-- Recorded information --

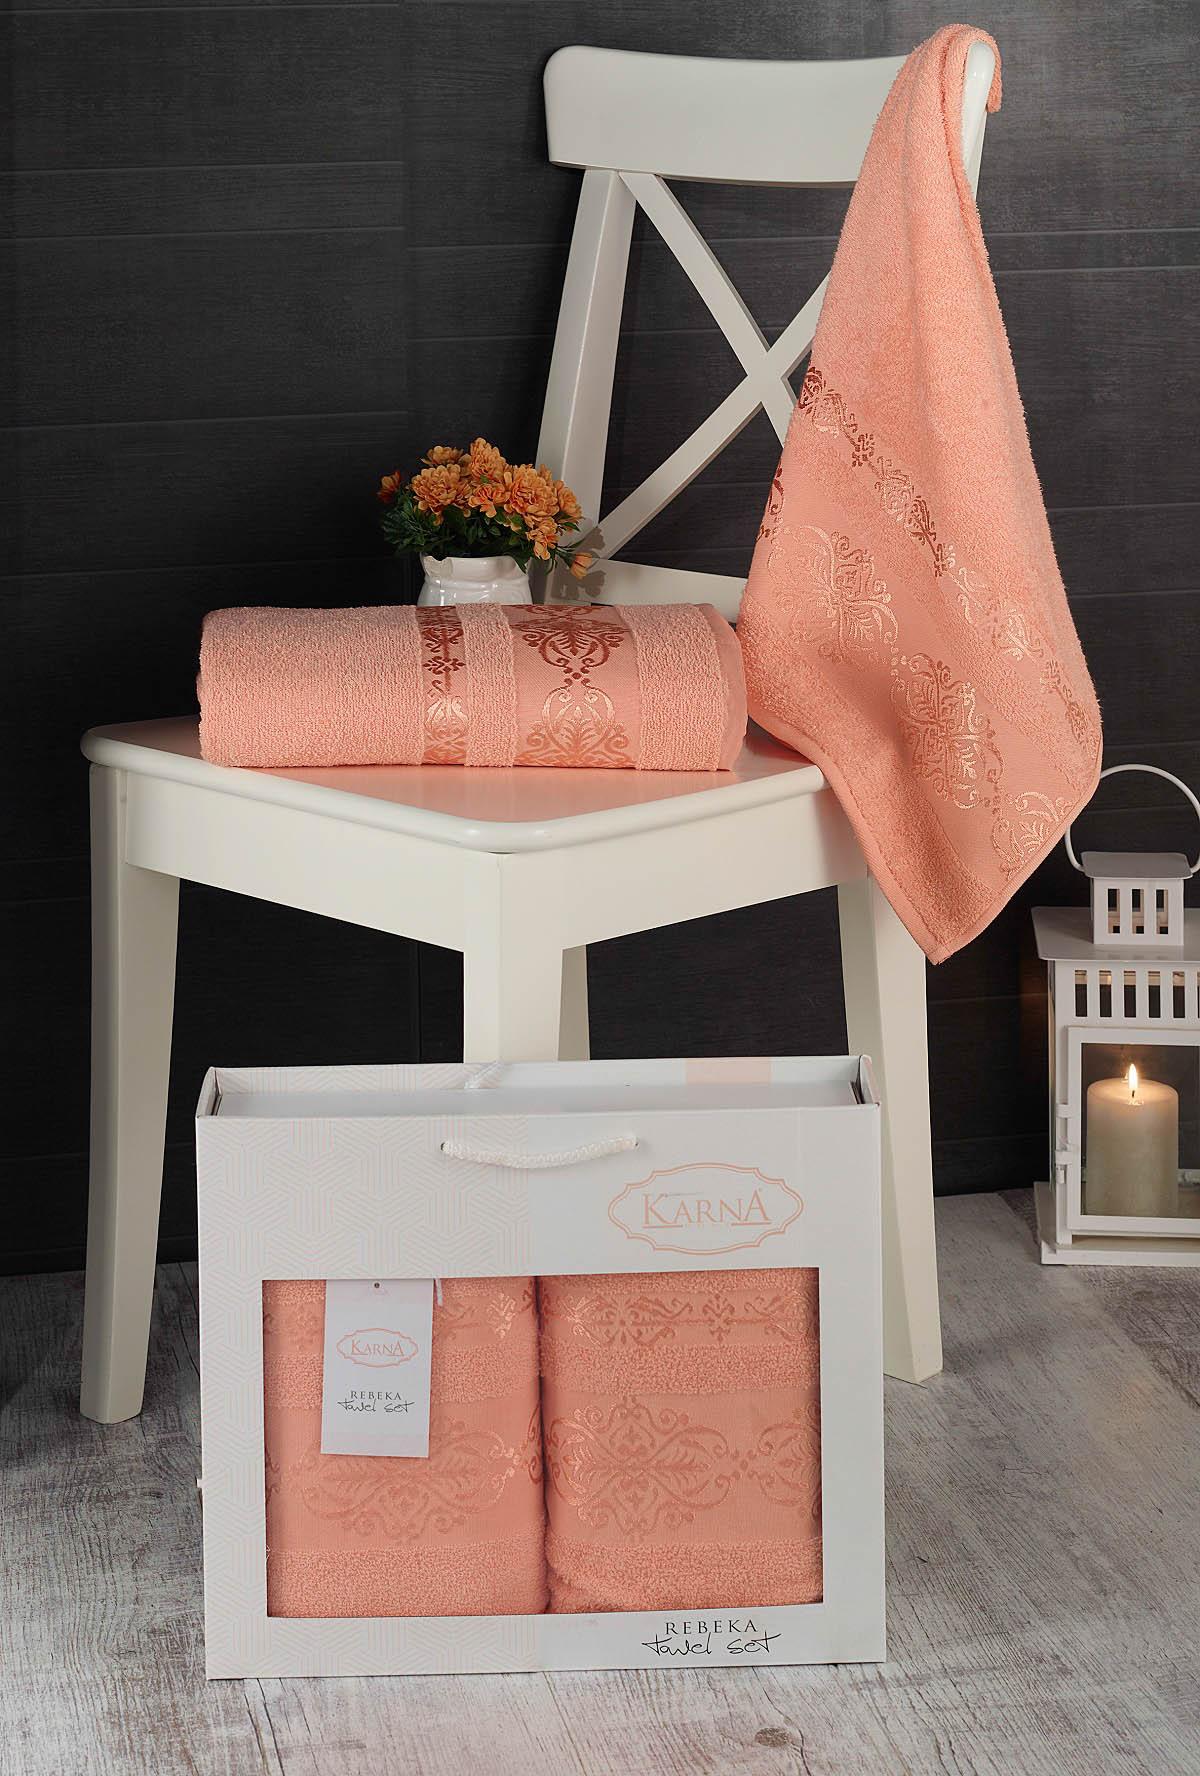 Полотенца Karna Полотенце Rebeca Цвет: Абрикосовый (50х90 см,70х140 см) цены онлайн
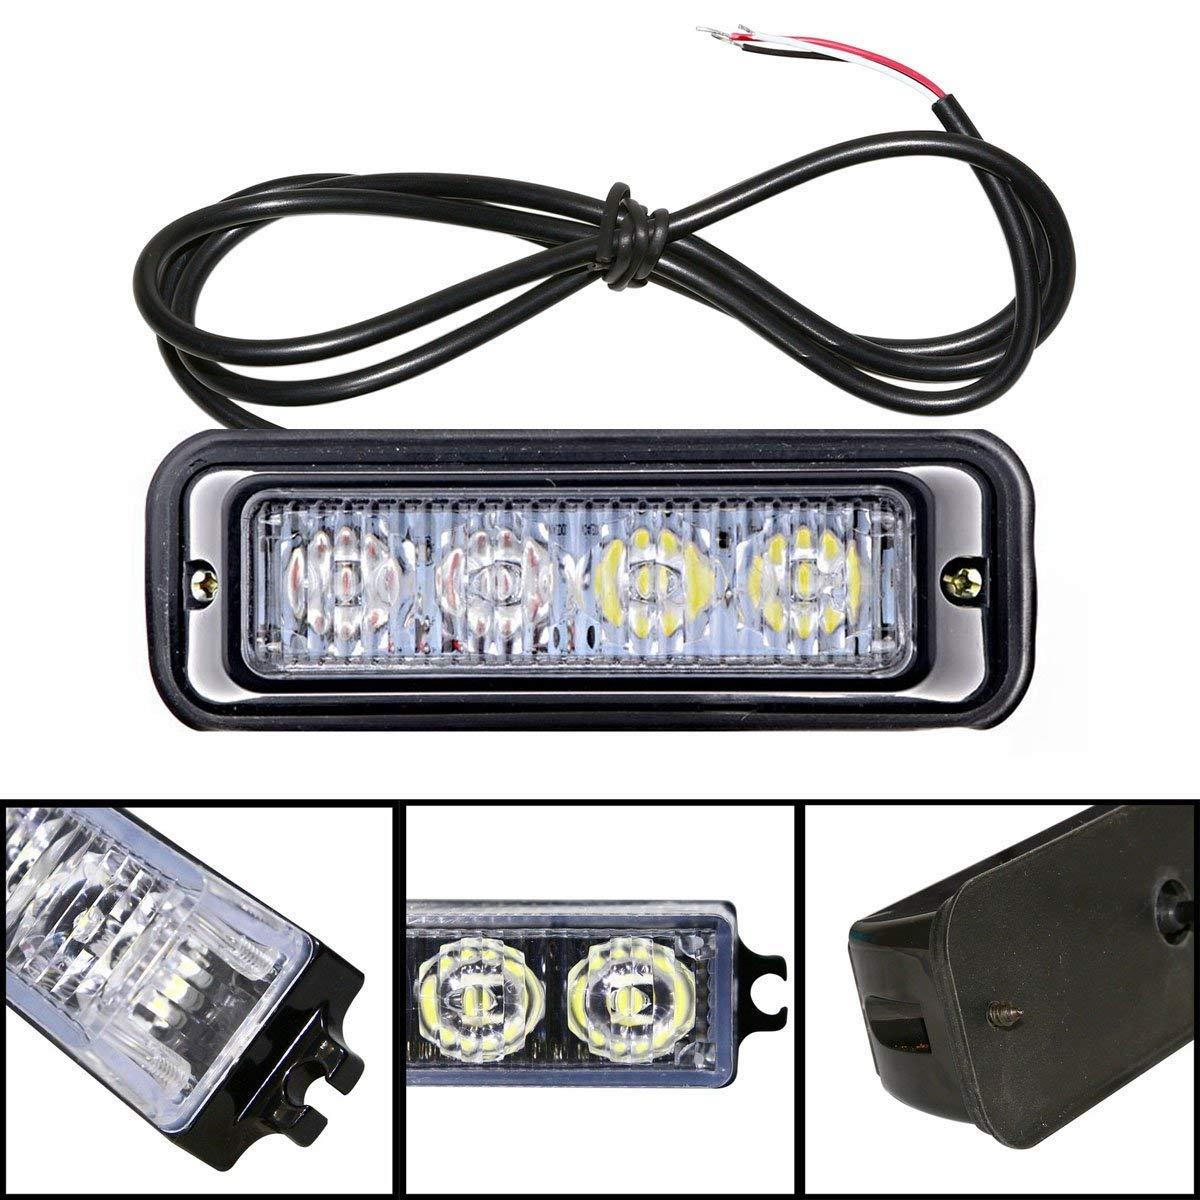 Favson 4 LED Strobe Lights for Trucks Cars Van with High Intensity White/&Yellow Emergency Flasher 2pcs
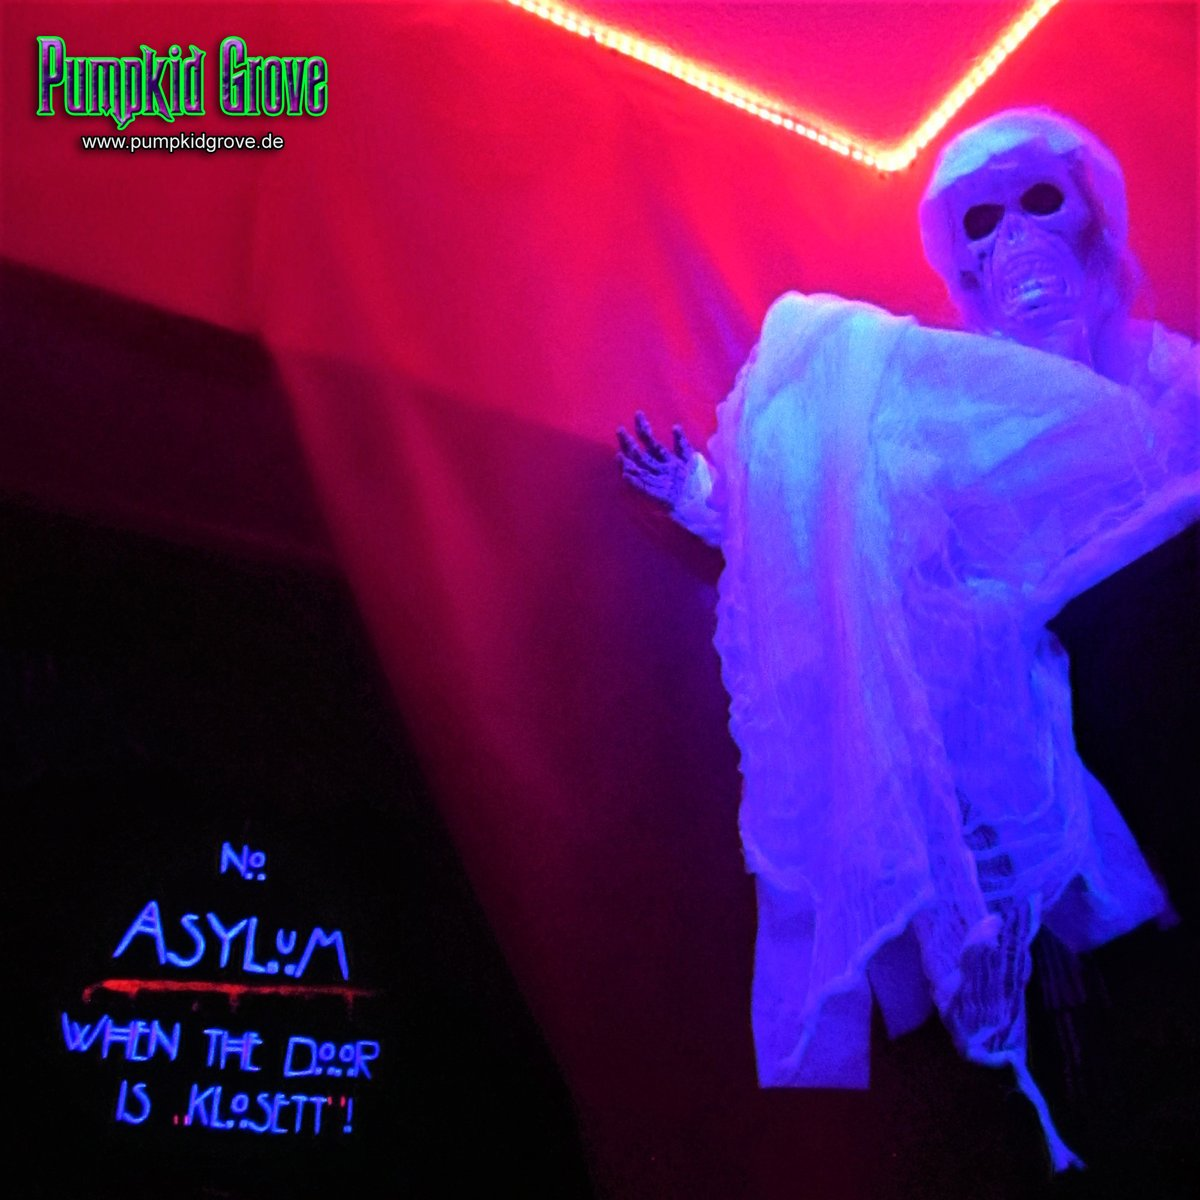 No Asylum When The Door Is Klosett!  #halloween2015 #halloween #samhain #luegburghorrorstory #ahsfx #asylum #geist #ghost #toilette #toilet #gruselig #haunted #horror #homehaunt #love #trickortreat #party #art #halloweendecorations #germany #pumpkidgrove #pumpkidgrovegermany https://t.co/qV10t5QIyO

-- What the task asks --
Copy back, word for word, every line between the top of the material above and the line that contains "Favson 4 LED", both included, without any pictures.

-- Output of the exercise --
 Полотенца Karna Полотенце Rebeca Цвет: Абрикосовый (50х90 см,70х140 см) цены онлайн
 Favson 4 LED Strobe Lights for Trucks Cars Van with High Intensity White/&Yellow Emergency Flasher 2pcs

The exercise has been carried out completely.